Timing is everything
Improving the squad's time by a huge margin in a relatively short period of time was not difficult, according to Salzwedel. That said, his initial time goals were thrown out of the window long ago, as the team improved well ahead of schedule.
"We have already made such big improvements in the last three years," he said. "I presented a three year concept to the Danish federation, but we are already far ahead of these times. We have already thrown these time goals in the rubbish years ago.
"The ride at the World Championships has given us confidence; I think that we have arrived amongst the top teams in the world," he added. That arrival was first signalled in Majorca, where the team won its first Track World Championship medal in 2007. "It was a surprise," Salzwedel said. "We always had this feeling that we didn't belong there, our little Mickey Mouse team."
Denmark is one of the hot favourites for the Olympic title, but the winner's time will also likely become the new World Record, according to Salzwedel.
"I expect times around 3.55," he said. "I think that the new Olympic gold medal will need to break the current World Record time, that is what we are aiming for and what I am preparing the riders for."
For times to eclipse the current World Record a good track surface and conditions are a must. The recently-opened indoor velodrome in Beijing ticks many boxes according to Salzwedel, but as most teams will have only ridden the track in the depths of winter during the World Cup, it remains largely an unknown.
"The velodrome is very good quality, but it is not as fast as Manchester," he said. "On the other hand I don't know what to expect from the temperature in the velodrome. I was impressed when we had the World Cup in Beijing. Everything seems to be working very smoothly there.

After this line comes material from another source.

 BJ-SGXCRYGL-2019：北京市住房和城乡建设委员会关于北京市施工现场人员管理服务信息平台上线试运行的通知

"The heating system works well, so I see no reason why the cooling system won't work just as well," he added. "I expect really comfortable temperatures around 25 degrees, which will make it really good for us to do some world class times."

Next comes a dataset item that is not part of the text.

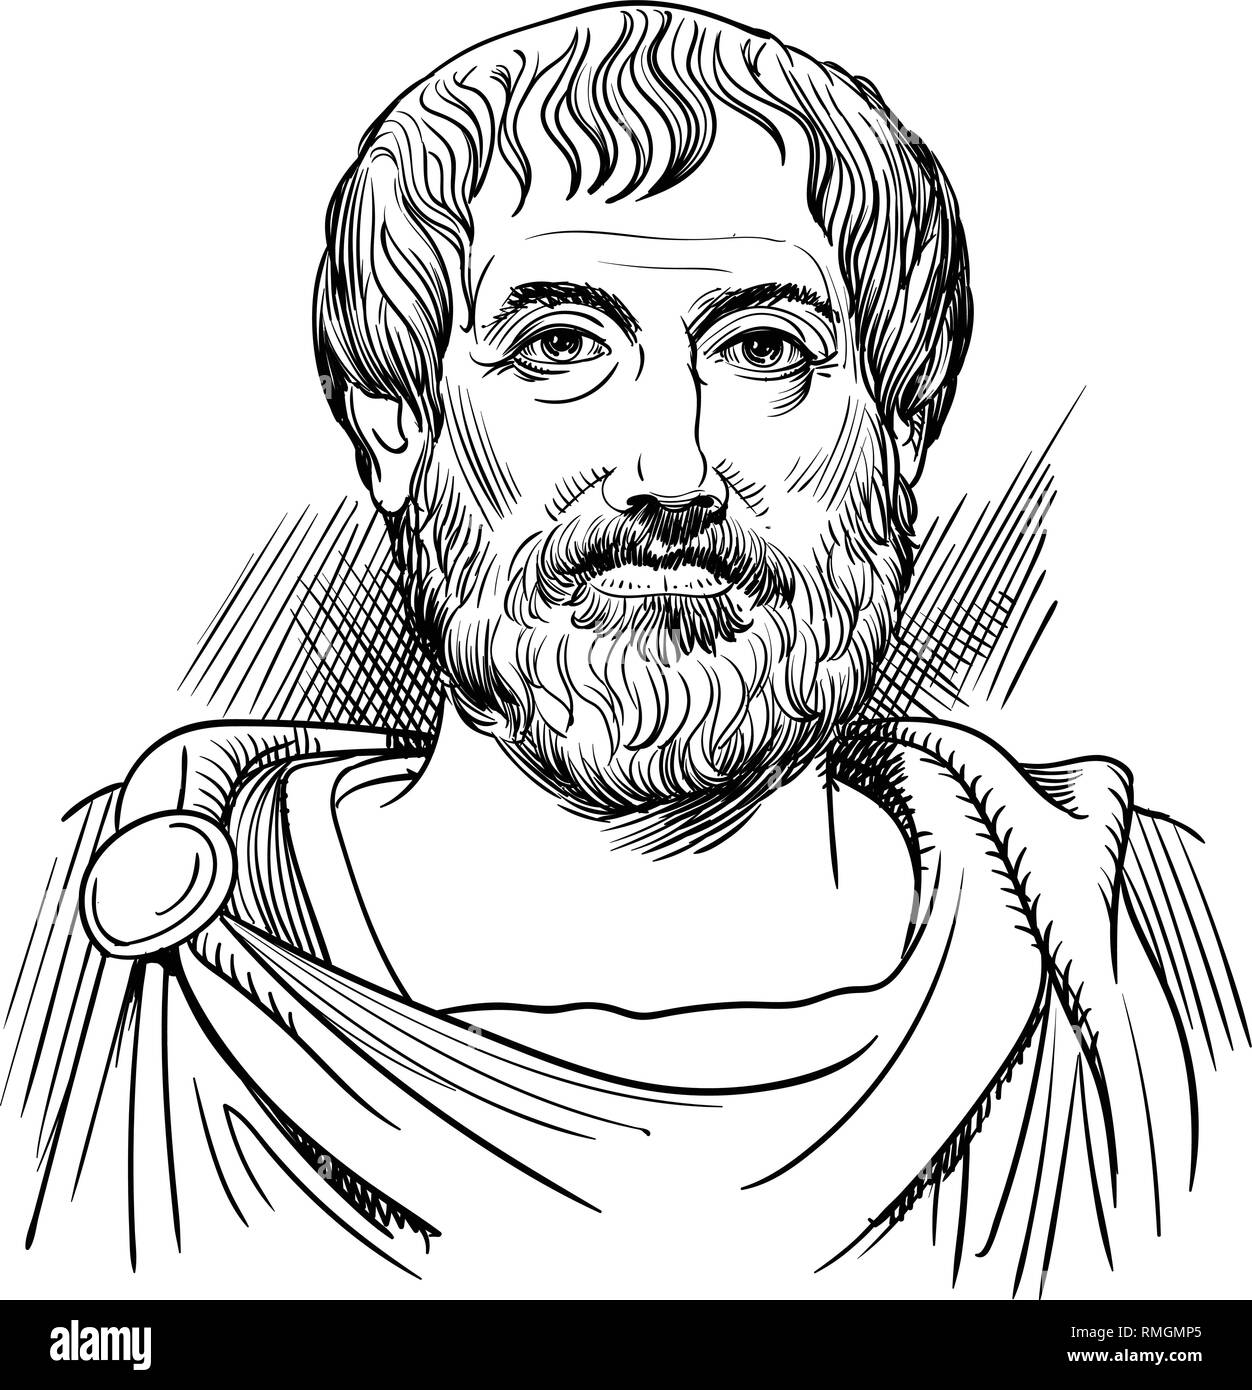 Aristotle portrait in line art illustration. He was ancient Greek philosopher, scientist, author of philosophical system on Christian scholasticism. Stock Vector

In order to best prepare his riders for the day, Salzwedel has had his boys on the track during times of the day that they may normally have been sleeping. In fact each rider vowed after returning to Denmark from Qinghai that they would remain in the Chinese time zone. This required them to sleep during the day and train at odd hours, just to make sure they are as best adapted to Beijing as they can be.
"All our training has been done in periods of the day that will match up with the times at the Olympics so that the body is used to it when we get there."
"I have never worked with a more dedicated group of riders," Salzwedel said. "It reminds me of the old days in Australia when I started with Matt Bazzano, Patrick Jonker and Henk Vogels. It is a very similar spirit in Denmark: let's go and do something properly."
It's this type of commitment that is required to take a gold medal. Given the accomplishments of the Australian team which trained under Salzwedel in the '90s, being compared to them is a huge compliment to the Danish squad.
"They don't get paid much, the only thing that they have is their commitment," he said. "Alex Rasmussen turned down a contract with CSC this year, just to be fully focused on the Olympics and to allow me to have full control over his program."
For both Denmark and Salzwedel, the rewards of their hard work over the past four years are just days away. But whether Denmark places in the top three or not, one thing remains certain - no one will regard them as a Mickey Mouse squad when track racing starts this evening.
"In the World Cup round in Sydney in 2006 we had Russian disc wheels and heavy frames - really s**t equipment," he said. "Now we are very competitive, I think that we have the best equipment in the world. Cervelo bikes, Vento handlbars and Mavic wheels and FSA carbon cranks.
"I have very good cooperation with the Danish trade teams," he added. "I can virtually do what I ever I want. They pay them, and I take them away when ever I want. The philosophy is the same [as with the Australian]. It is important that they adapt cycling as an essential part of their life."